- The paper introduces two architectures, W2Vanilla and W2VAligned, which leverage pre-trained Wav2vec2.0 embeddings to predict oral reading fluency.
- It employs mean pooling and word-level pooling to capture both global and nuanced speech patterns essential for fluency assessment.
- Evaluation reveals that ASR task-specific pre-training significantly enhances model performance in predicting fluency scores.

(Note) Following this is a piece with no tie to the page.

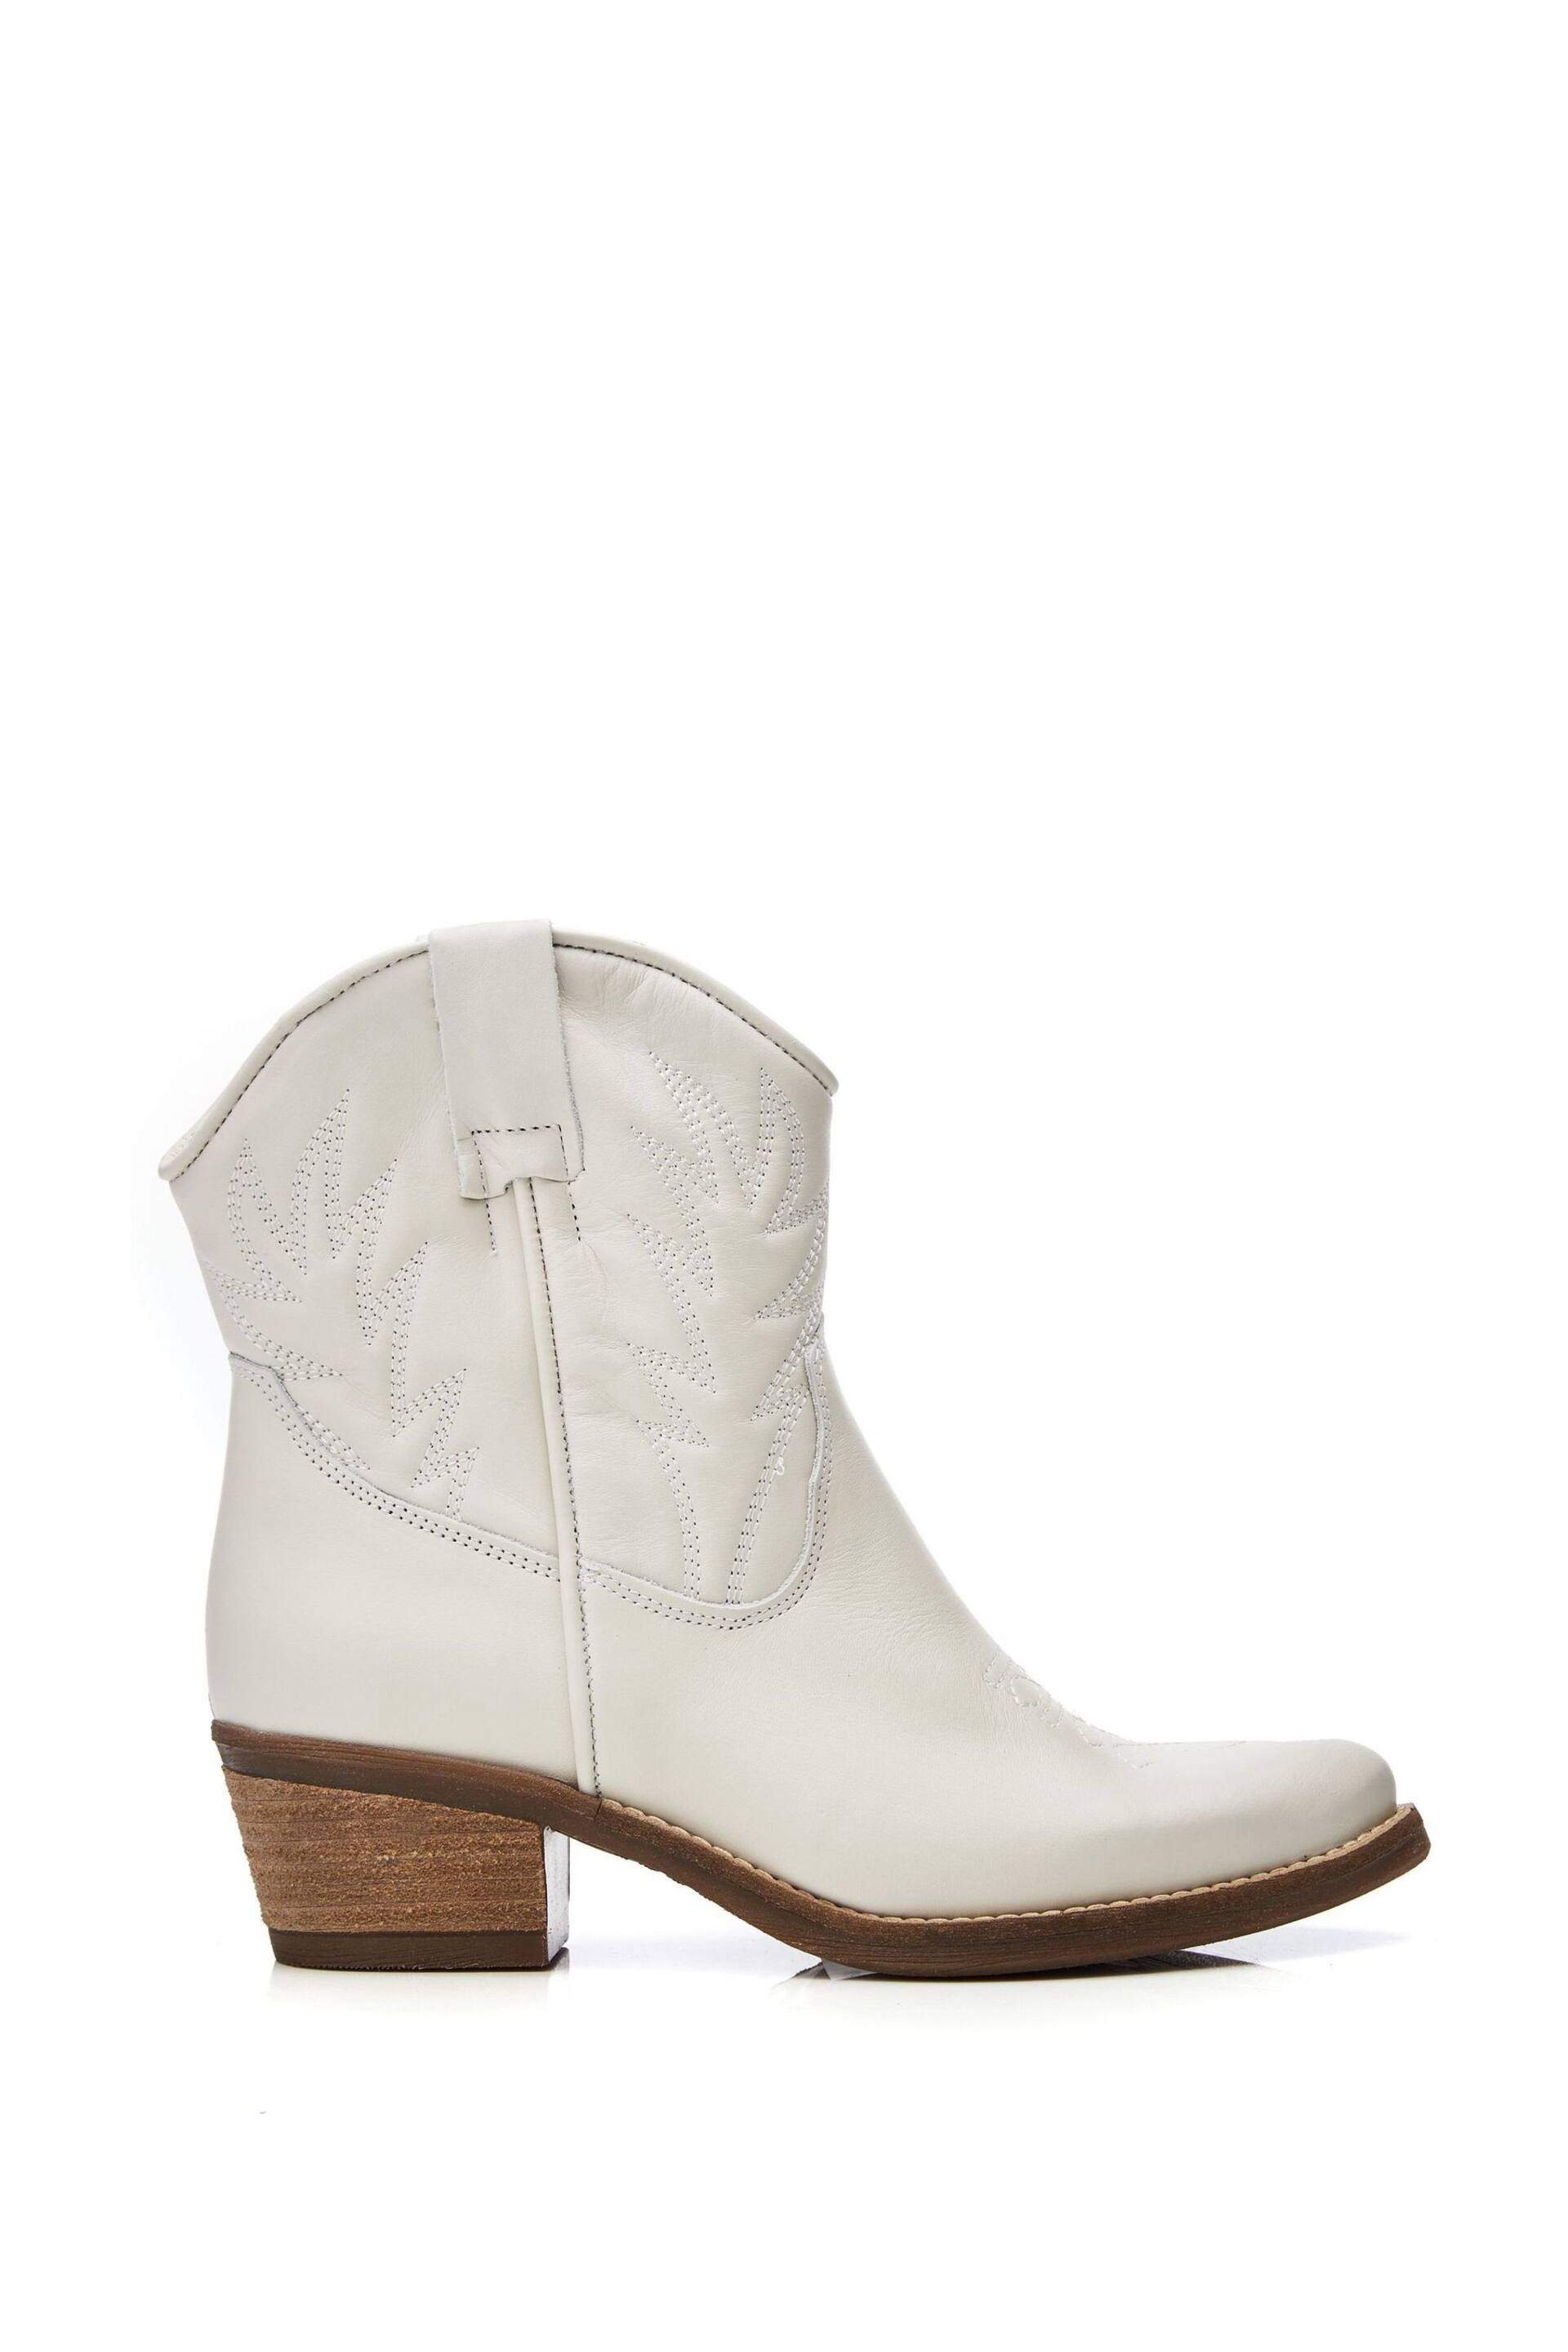 Moda in Pelle Bettsie Ankle Western White Boots - Image 2 of 5

Deep Learning for Assessment of Oral Reading Fluency
Introduction
"Deep Learning for Assessment of Oral Reading Fluency" explores the application of deep learning techniques, particularly Wav2vec2.0, for assessing oral reading fluency. This paper addresses the need for scalable, automated fluency assessments and investigates an end-to-end approach leveraging pre-trained models to predict fluency scores based on audio recordings. The methodology promises to alleviate challenges related to limited labeled datasets through self-supervised learning frameworks.
Wav2vec2.0 Based Architecture
W2Vanilla
The W2Vanilla architecture utilizes pre-trained Wav2vec2.0 embeddings, which undergo mean pooling across utterances followed by a series of fully-connected layers for comprehensibility score prediction. This model exhibits superior performance compared to traditional systems based on hand-crafted features, indicating the robustness of Wav2vec2.0 embeddings in capturing relevant fluency features.
Figure 1: W2Vanilla Architecture.
W2VAligned
An extension to the Vanilla architecture, W2VAligned introduces word-level pooling to retain prosodic features. Word boundaries are determined through forced alignment, allowing the model to capture inter-word variations critical to fluency assessments. However, complexity introduced by this architecture does not consistently translate into better performance.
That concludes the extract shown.